Saturday 22 May 2010

UK euro entry: Sour grapes?

The Liberal Democrats seem to have easily agreed to the demand by the Conservative Party to exclude the introduction of the euro currency, as stated in the coalition programme:

We will ensure that Britain does not join or prepare to join the Euro in this Parliament.

While the visceral hatred of all things EU and euro among the conservative power base should not be underestimated, one reason for this seemingly effortless agreement brings to mind the “sour grapes” in Aesop’s fable The Fox and the Grapes.

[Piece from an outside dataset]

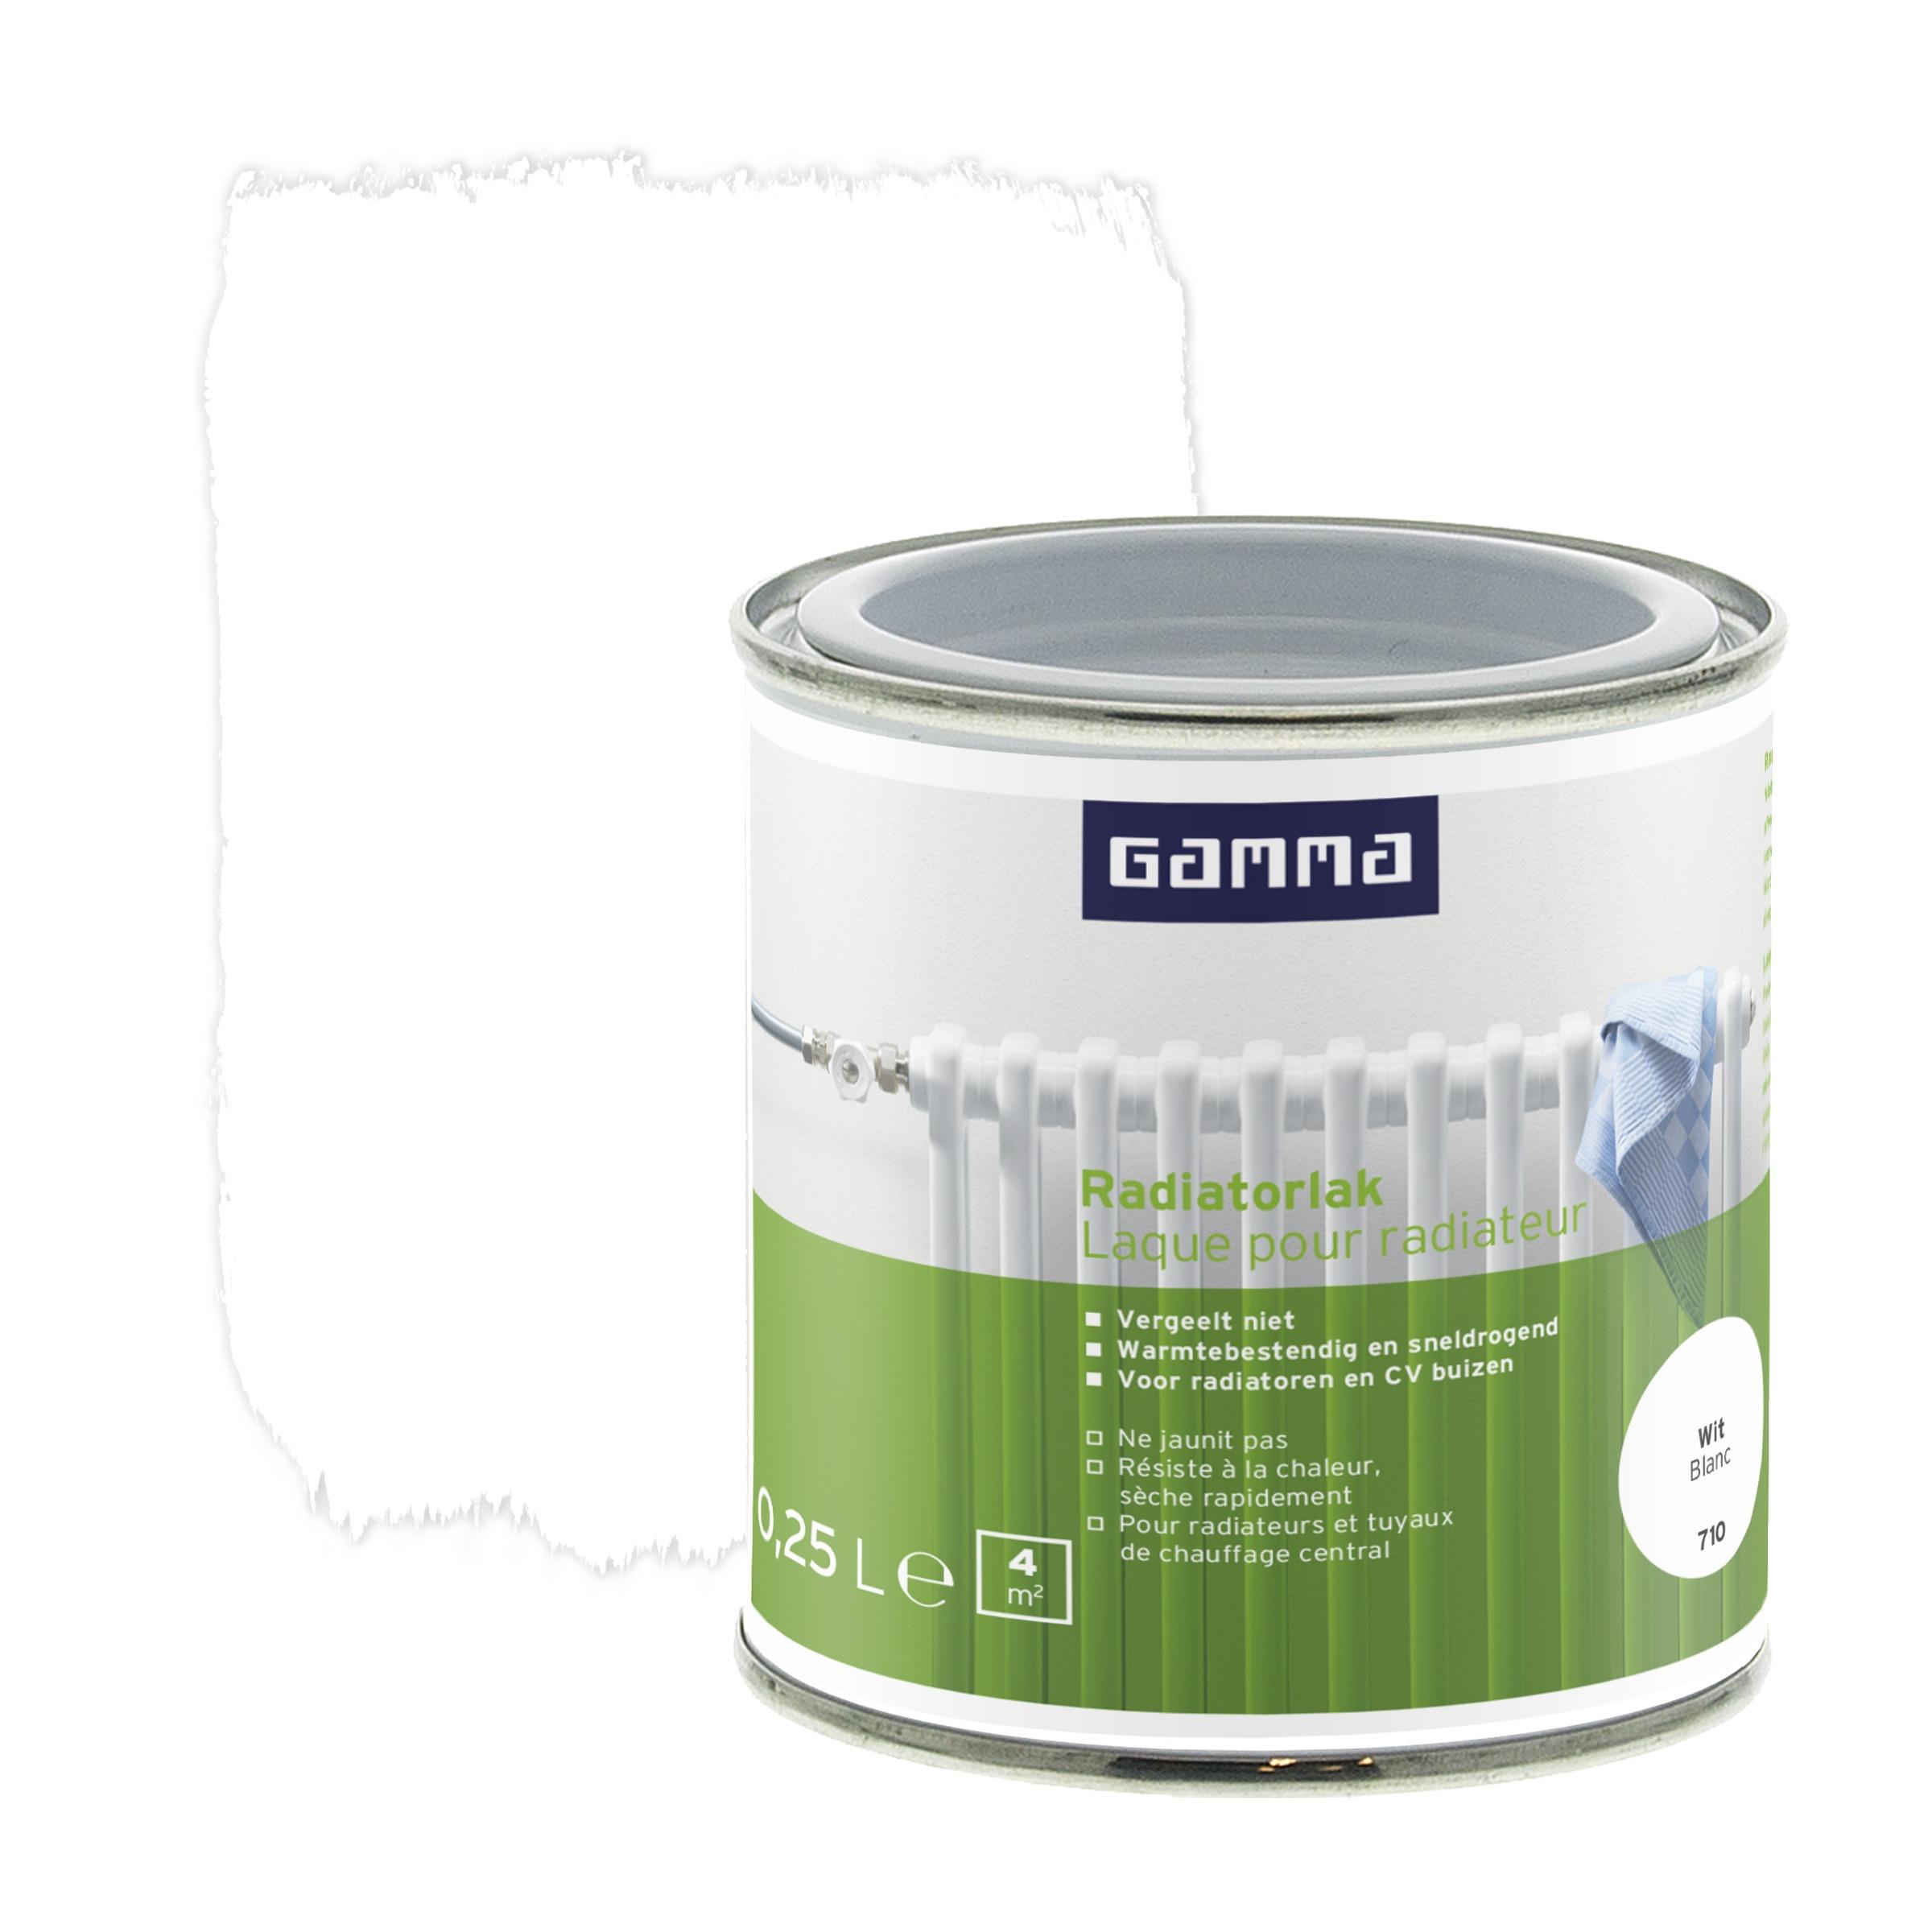 laque pour radiateur gamma brillant blanc 250 ml peintures sp ciales papier peint peinture. Black Bedroom Furniture Sets. Home Design Ideas

The latest edition from the House of Commons Library: Economic Indicators, May 2010 (Research Paper 10/35, 13 May 2010; 40 pages) tells us the following about government deficits:

The UK’s 12% deficit in 2010 is expected to be the largest in the EU, with Ireland’s 11.7% second highest. A 10% UK deficit in 2011 would be below Ireland’s 12.1% and only slightly above that of Greece (9.9%, though the IMF programme envisages 7.6%). However, the UK’s gross debt would remain less than two-thirds of Greece’s.

The UK’s gross public debt was estimated to rise from 68.1 per cent in 2009 to 86.9 per cent of GDP in 2011 (page vii).

According to the EMU convergence criteria (or Maastricht criteria) for the third stage in economic and monetary union (EMU) low inflation is a necessity, so the UK would fail the price stability test.

Britain has not participated in the exchange-rate mechanism for two years without devaluation against the euro (its favourite remedy for economic ills), so it clearly fails to qualify.

Failing on all grounds, the United Kingdom could not introduce the euro in a foreseeable future even if it wanted to. Somehow the invisible hand of the markets seems to guard Britain in comparison with the eurozone basket cases.

In such circumstances it is easy to trumpet defeat as victory.